Work required
Transcribe the data in full and exactly, omitting any pictures.

Information supplied
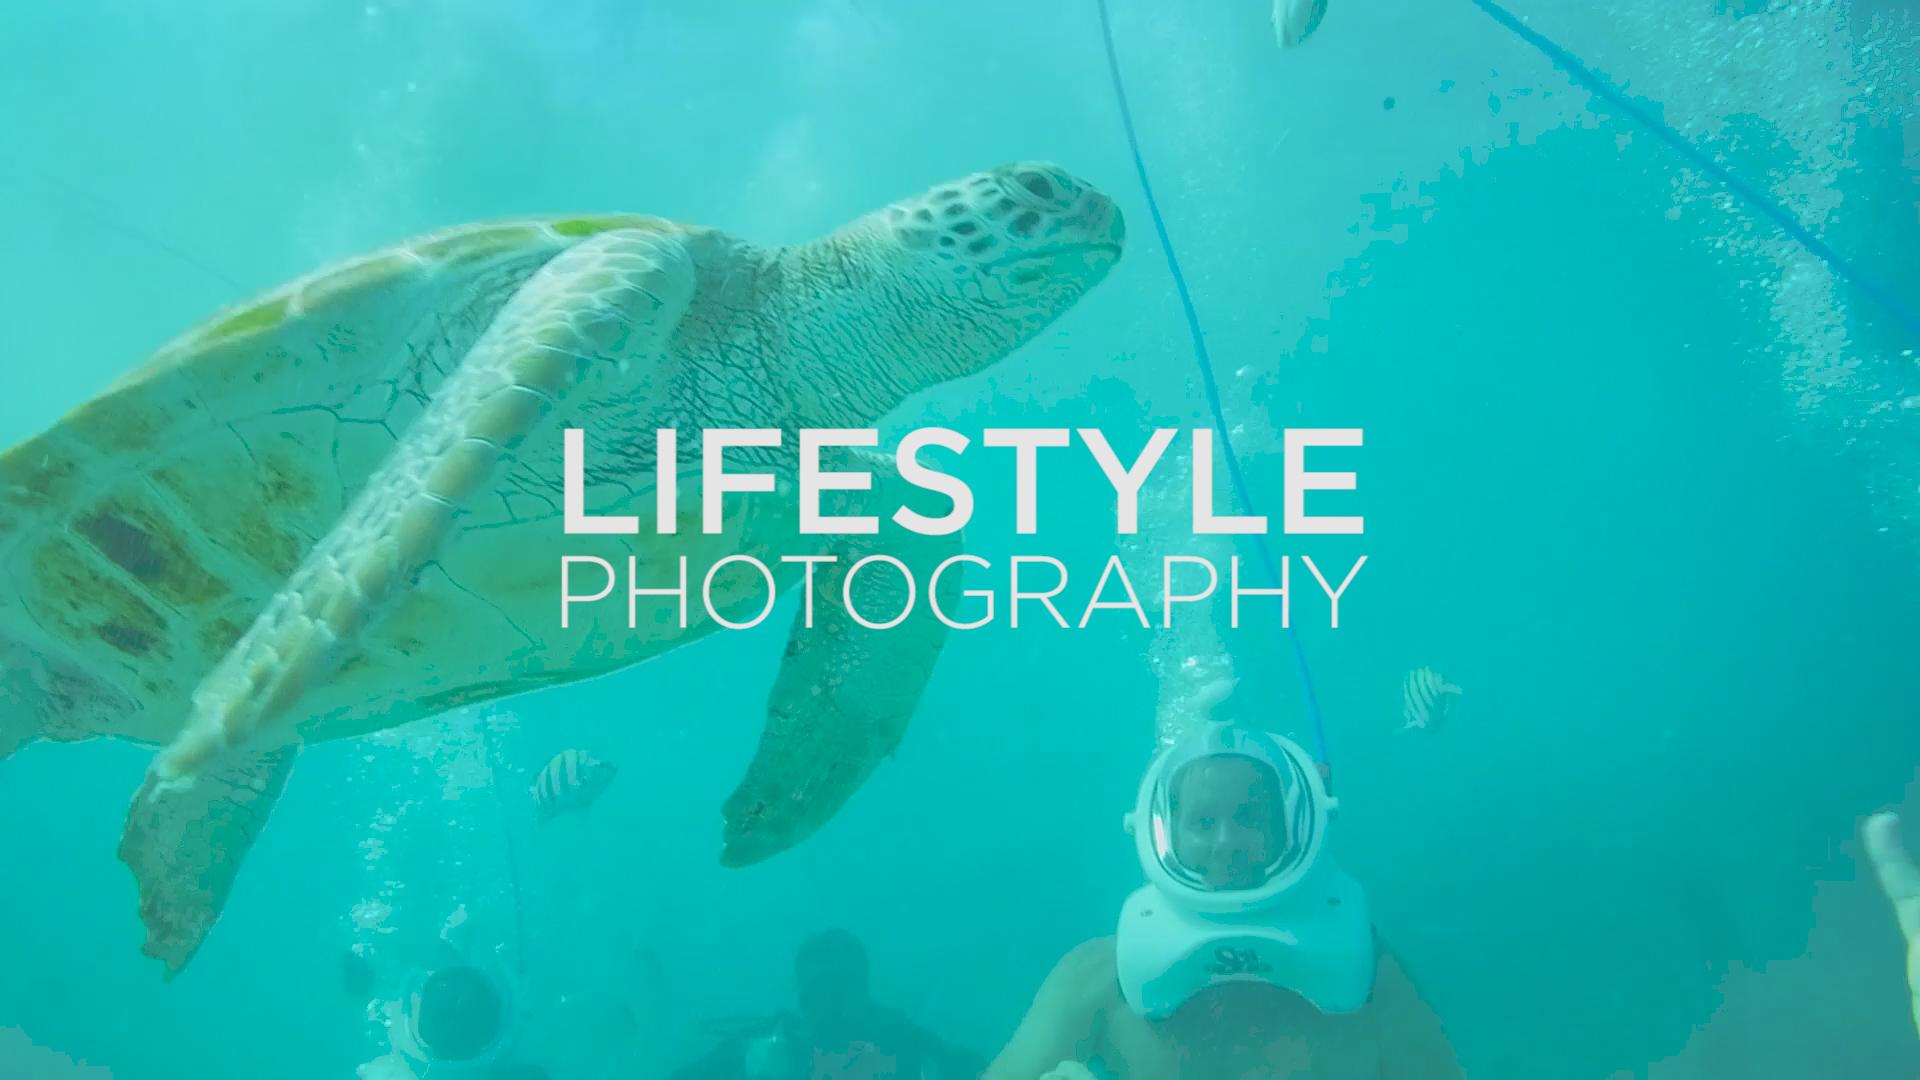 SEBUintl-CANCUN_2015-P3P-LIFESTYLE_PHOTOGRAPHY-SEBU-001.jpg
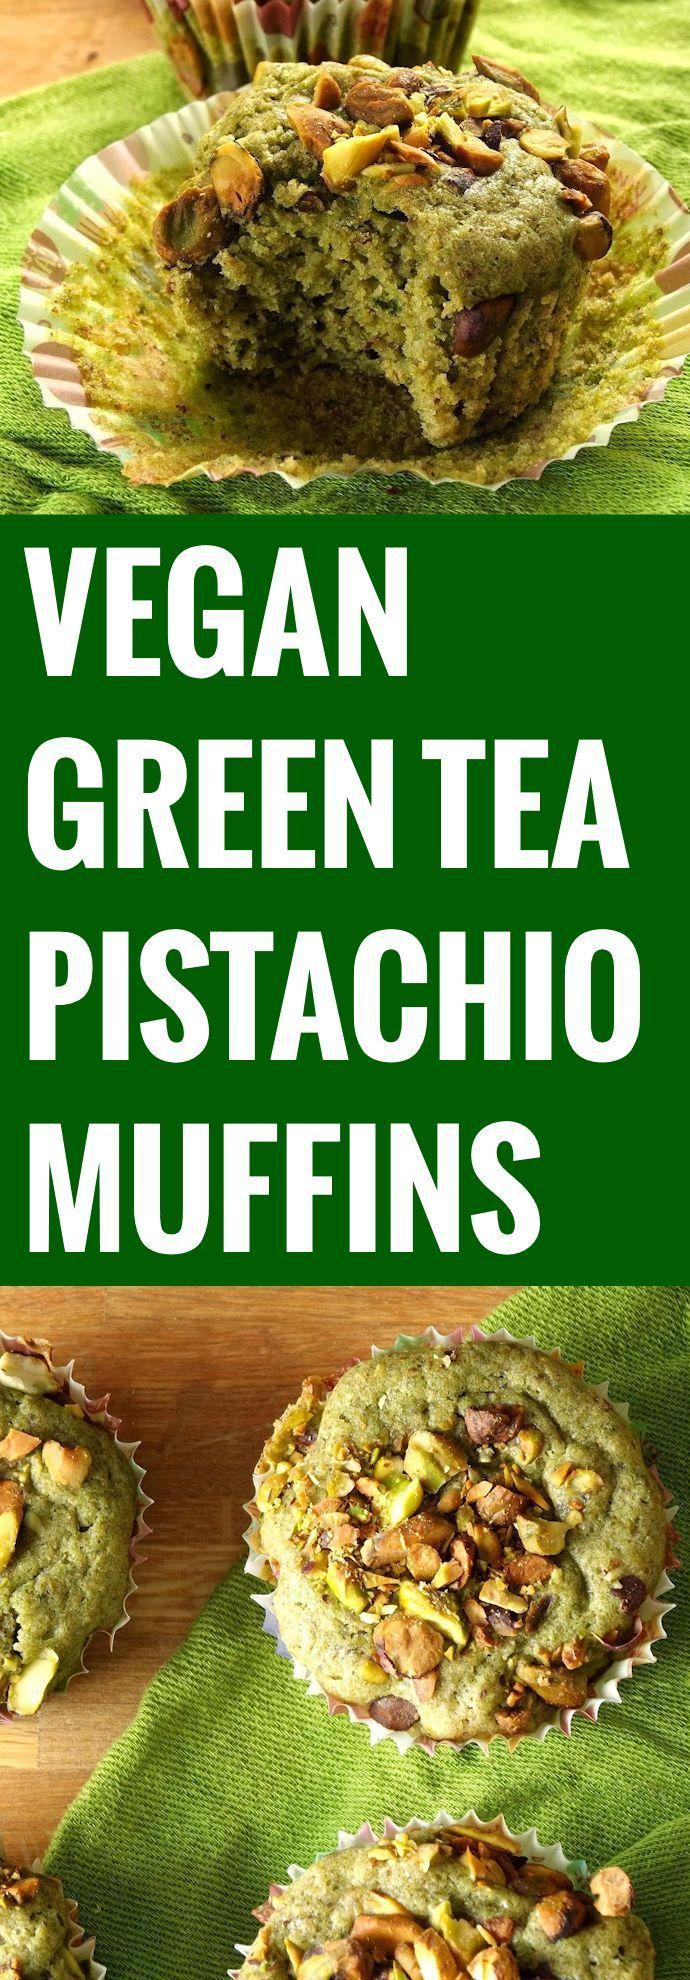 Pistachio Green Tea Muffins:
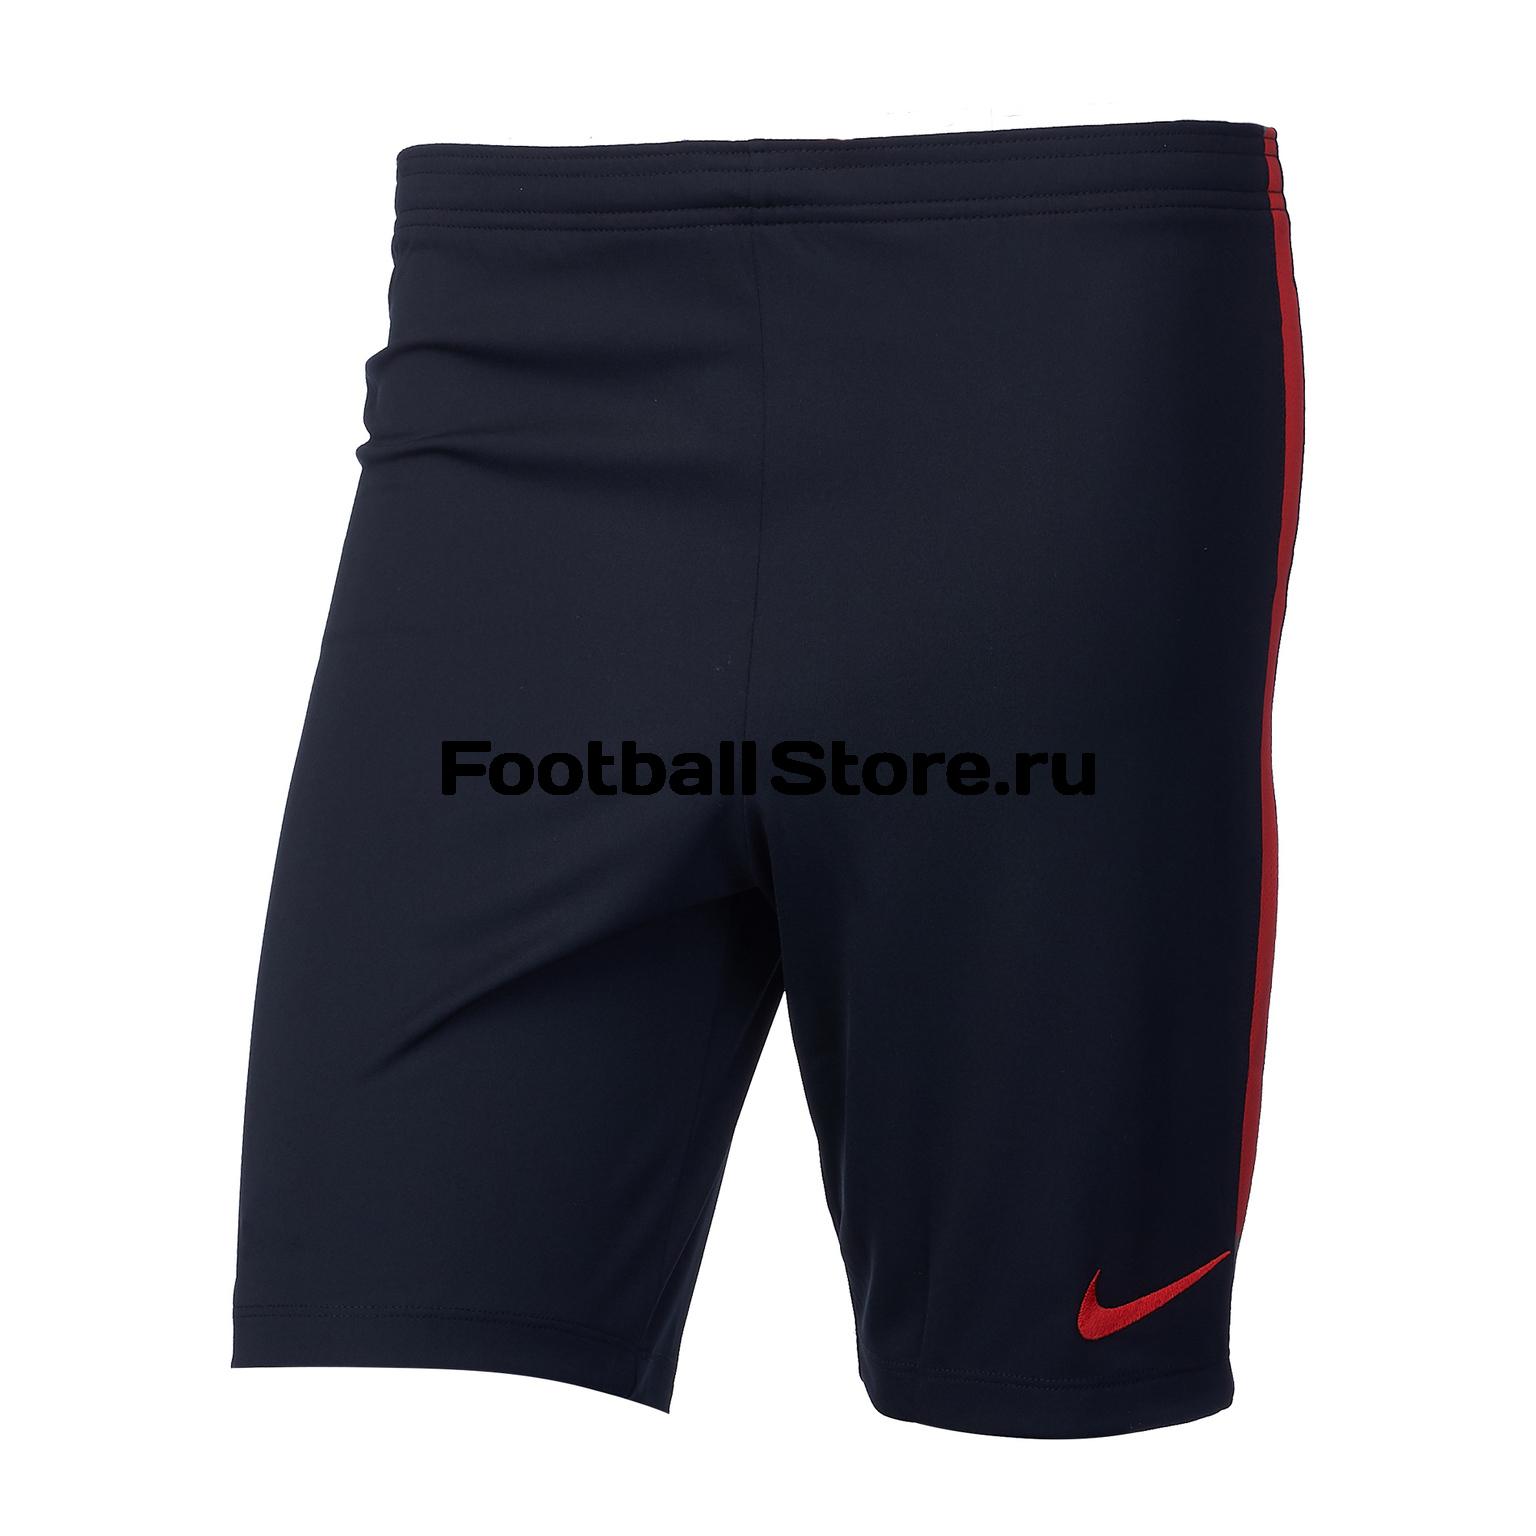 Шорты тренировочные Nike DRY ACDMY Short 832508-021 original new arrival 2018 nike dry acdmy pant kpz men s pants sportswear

The completed task
 SEBUintl-CANCUN_2015-P3P-LIFESTYLE_PHOTOGRAPHY-SEBU-001.jpg
 Pistachio Green Tea Muffins:
 Шорты тренировочные Nike DRY ACDMY Short 832508-021 original new arrival 2018 nike dry acdmy pant kpz men s pants sportswear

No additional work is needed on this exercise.